1.ShapeLineInputFormat
ShapeLineInputFormat的作用就是生成ShapeLineRecordReader,其具体实现和spatialhadoop2.1源码阅读(三) 自定义InputFormat(SpatialInputFormat & ShapeInputFormat)中介绍的ShapeInputFormat的实现基本相同,具体可看该文章。ShapeLineInputFormat的源码如下:
public class ShapeLineInputFormat extends SpatialInputFormat<Rectangle, Text> {
@Override
public RecordReader<Rectangle, Text> getRecordReader(InputSplit split,
JobConf job, Reporter reporter) throws IOException {
if (reporter != null)
reporter.setStatus(split.toString());
this.rrClass = ShapeLineRecordReader.class;
return super.getRecordReader(split, job, reporter);
}
}
接下来重点介绍ShapeLineRecordReader和 SpatialRecordReader的实现。
2.ShapeLineRecordReader
ShapeLineRecordReader继承自SpatialRecordReader,ShapeLineRecordReader中最重要的三个方法为createKey,createValue和next。除此之外还有三个构造器。这六个方法的具体实现都是对父类相应方法的调用,所以实现重点在于SpatialRecordReader类。
public class ShapeLineRecordReader
extends SpatialRecordReader<Rectangle, Text> {
public ShapeLineRecordReader(Configuration job, FileSplit split)
throws IOException {
super(job, split);
}
public ShapeLineRecordReader(CombineFileSplit split, Configuration conf,
Reporter reporter, Integer index) throws IOException {
super(split, conf, reporter, index);
}
public ShapeLineRecordReader(InputStream in, long offset, long endOffset)
throws IOException {
super(in, offset, endOffset);
}
@Override
public boolean next(Rectangle key, Text shapeLine) throws IOException {
boolean read_line = nextLine(shapeLine);
key.set(cellMbr);
return read_line;
}
@Override
public Rectangle createKey() {
return new Rectangle();
}
@Override
public Text createValue() {
return new Text();
}
}
3.1 构造函数
public SpatialRecordReader(Configuration job, long s, long l, Path p) throws IOException {
this.start = s;
this.end = s + l;
this.path = p;
this.fs = this.path.getFileSystem(job);
this.directIn = fs.open(this.path);
this.blockSize = fs.getFileStatus(this.path).getBlockSize();
this.cellMbr = new Rectangle();
LOG.info("Open a SpatialRecordReader to file: "+this.path);
codec = new CompressionCodecFactory(job).getCodec(this.path);
if (isCompressedInput()) {
decompressor = CodecPool.getDecompressor(codec);
if (codec instanceof SplittableCompressionCodec) {
final SplitCompressionInputStream cIn =
((SplittableCompressionCodec)codec).createInputStream(
directIn, decompressor, start, end,
SplittableCompressionCodec.READ_MODE.BYBLOCK);
in = cIn;
start = cIn.getAdjustedStart();
end = cIn.getAdjustedEnd();
filePosition = cIn; // take pos from compressed stream
} else {
in = codec.createInputStream(directIn, decompressor);
filePosition = directIn;
}
} else {
directIn.seek(start);
in = directIn;
filePosition = directIn;
}
this.pos = start;
this.maxShapesInOneRead = job.getInt(SpatialSite.MaxShapesInOneRead, 1000000);
this.maxBytesInOneRead = job.getInt(SpatialSite.MaxBytesInOneRead, 32*1024*1024);
initializeReader();
}
2-4:初始化该输入分片所在文件名,起始位置和终止位置
6:打开输入文件,如果输入文件是压缩文件,则该输入流表示压缩输入流
12-14:判断输入文件是否是压缩文件
15-29:若输入文件是压缩文件,则in为解压缩后的输入流,同时根据压缩类型,更新参数。

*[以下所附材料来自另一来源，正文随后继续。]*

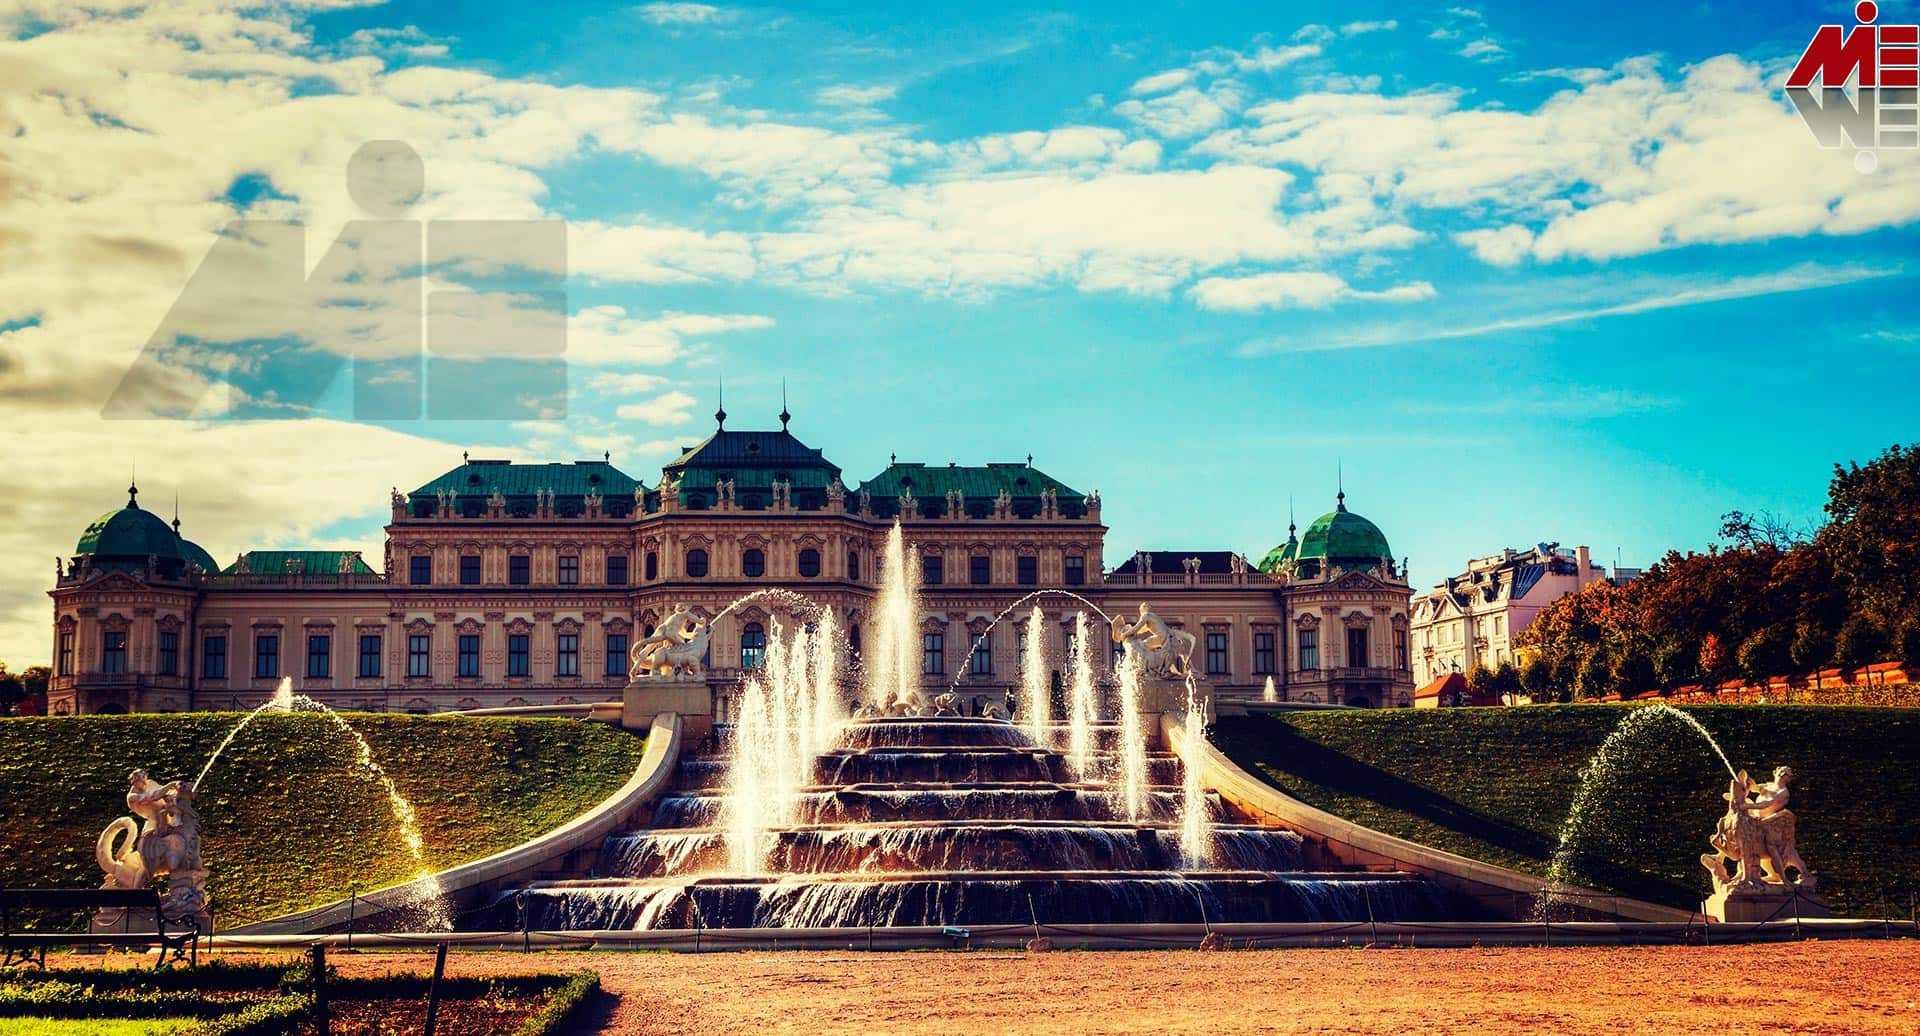 ویزای جستجوی کار آلمان و اتریش1 ویزای جستجوی کار آلمان و اتریش

30-32:若输入文件不是压缩文件,则in和directIn相等
34:设置偏移量,一次读入最多读入的记录数和字节数
38:首先判断输入文件是否有全局索引,如果存在则设置cellMbr,否则cellMbr无效;然后判断输入文件是否为R-tree indexed,根据不同情况初始化不同。
3.2 nextLine函数
protected boolean nextLine(Text value) throws IOException {
if (blockType == BlockType.RTREE && pos == 8) {
// File is positioned at the RTree header
// Skip the header and go to first data object in file
pos += RTree.skipHeader(in);
LOG.info("Skipped R-tree to position: "+pos);
// Reinitialize record reader at the new position
lineReader = new LineReader(in);
}
while (getFilePosition() <= end) {
value.clear();
int b = 0;
if (buffer != null) {
// Read the first line encountered in buffer
int eol = RTree.skipToEOL(buffer, 0);
b += eol;
value.append(buffer, 0, eol);
if (eol < buffer.length) {
// There are still some bytes remaining in buffer
byte[] tmp = new byte[buffer.length - eol];
System.arraycopy(buffer, eol, tmp, 0, tmp.length);
buffer = tmp;
} else {
buffer = null;
}
// Check if a complete line has been read from the buffer
byte last_byte = value.getBytes()[value.getLength()-1];
if (last_byte == '\n' || last_byte == '\r')
return true;
}
// Read the first line from stream
Text temp = new Text();
b += lineReader.readLine(temp);
if (b == 0) {
// Indicates an end of stream
return false;
}
pos += b;
// Append the part read from stream to the part extracted from buffer
value.append(temp.getBytes(), 0, temp.getLength());
if (value.getLength() > 1) {
// Read a non-empty line. Note that end-of-line character is included
return true;
}
}
// Reached end of file
return false;
}
2-9:对R-tree indexed进行特殊处理
13-30:在上面所讲的initializeReader函数中,会预先读取八个字节判断文件索引类型,buffer不为空,在这里对这种情况进行处理
33-38:每次读取一行数据,并判断是否到输入流的末尾
39:更新pos
42:对value进行赋值